Dixie you have to earn money by doing housework?? I can't get my head round that one!
We both pay money into a joint account - covers all bills mortgage etc. DH pays for shopping. The dog insurance is on my account. We spend the rest as we like. I guess we take it in turns to buy meals out etc.
For some reason I really don't like the idea of not having my own account.
owltrousers when I asked about the baby it wasn't a criticism about your choice to have a baby, it was just a genuine question about mat leave. If between you you only have £200 ish left after bills are paid currently it would probably be a good idea to not see that as personal spends, but to put it into savings for mat leave.
I don't like the idea of earning money by doing housework though!
@Ecureuil Sorry, I wasn't being arsy! I just genuinely haven't sat down and worked out all the finances yet, a lot will change before then hopefully to our advantage, but you are right - we need to check things over! Bit scared about it to be honest.
I'm also pregnant with my first and my DH and I have completely shared finances. We were engaged and had just bought our first house when we decided to do this.
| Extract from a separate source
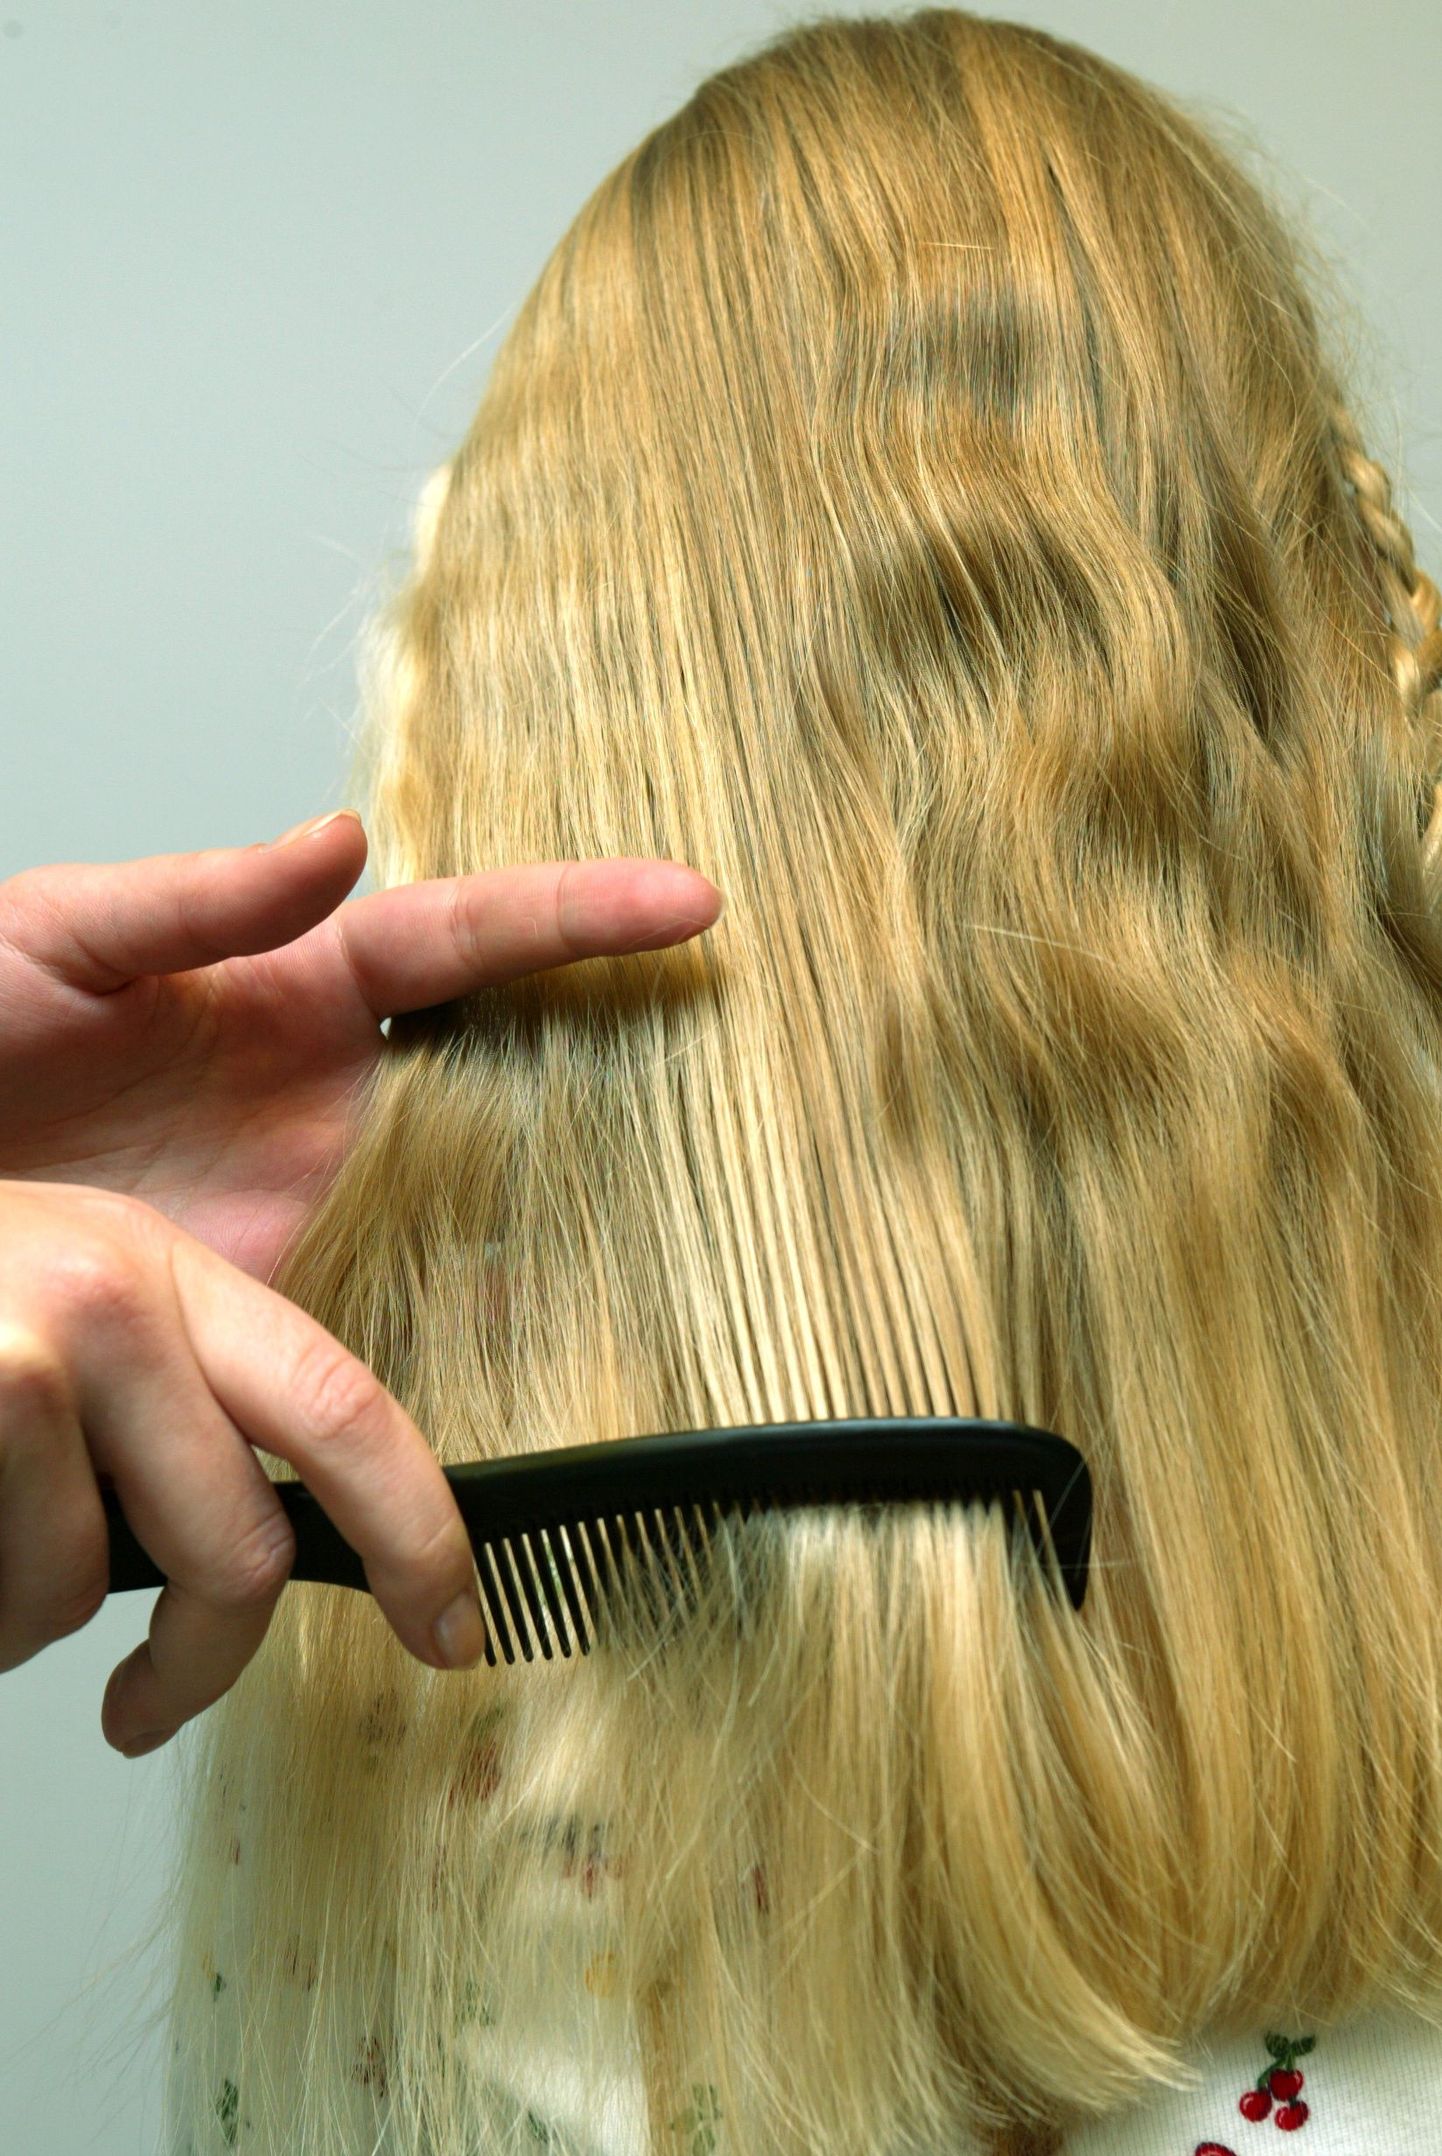 Благодаря регулярным стрижкам волосы выглядят более ухоженными и здоровыми.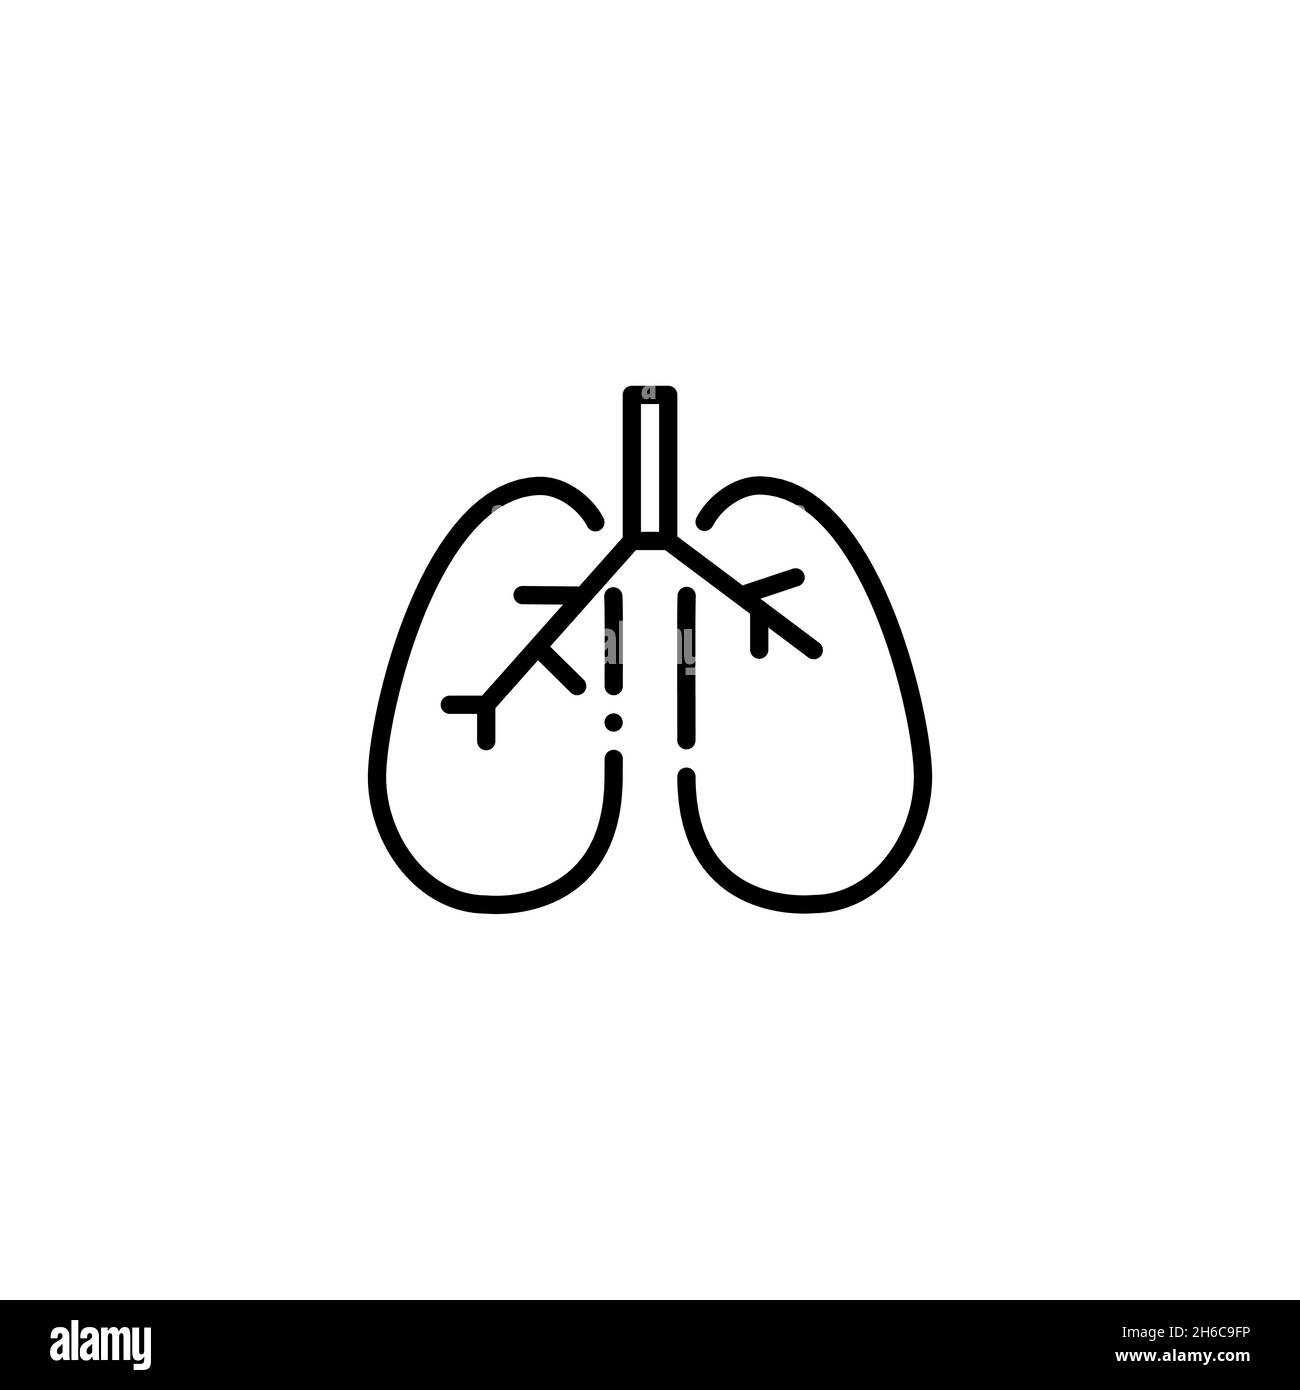 Menschliche Lunge. Internes Atmungsorgan. Pixel Perfect, bearbeitbares Kontursymbol Stock Vektor

We find it easier. We discuss any big purchases but otherwise both do what we like. We're both quite good with money and spend similar amounts so it works for us. DH is the higher earner but we share all money.
If we still had separate finances we would have had to reassess our arrangement before baby arrives as it wouldn't have been feasible with my year of mat leave (part unpaid) and probably returning on a part-time basis.
I've never been able to understand the separate money thing once you are married or in a long term relationship with commitments like a mortgage or a baby unless one of you is a complete spendthrift and can't be trusted with money. Then you probably have no choice but to limit that persons access to the portion of the income required to pay all the bills.
All money is our money, whoever earns it. It has always been like this. Everything comes out of joint money whether its food or presents or holidays.
I'm sorry but I wouldn't like someone reminding me I owed him money when I was carrying his child.
We have our own bank accounts and a joint billing account. Dh is self employed and usually earns at least £10k more than me so I pay in £500 pcm and he pays in £800.
Having said that, if I'm a bit skint (like this month) he transfers me some extra (£200 this month) and he always pays if we go out/get a takeaway etc.
I take home £1500 and have about £200 in outgoings each month he has a lot more than I do but pays £300 per month into a joint savings account. I usually pay in about £50 to that. It works for us.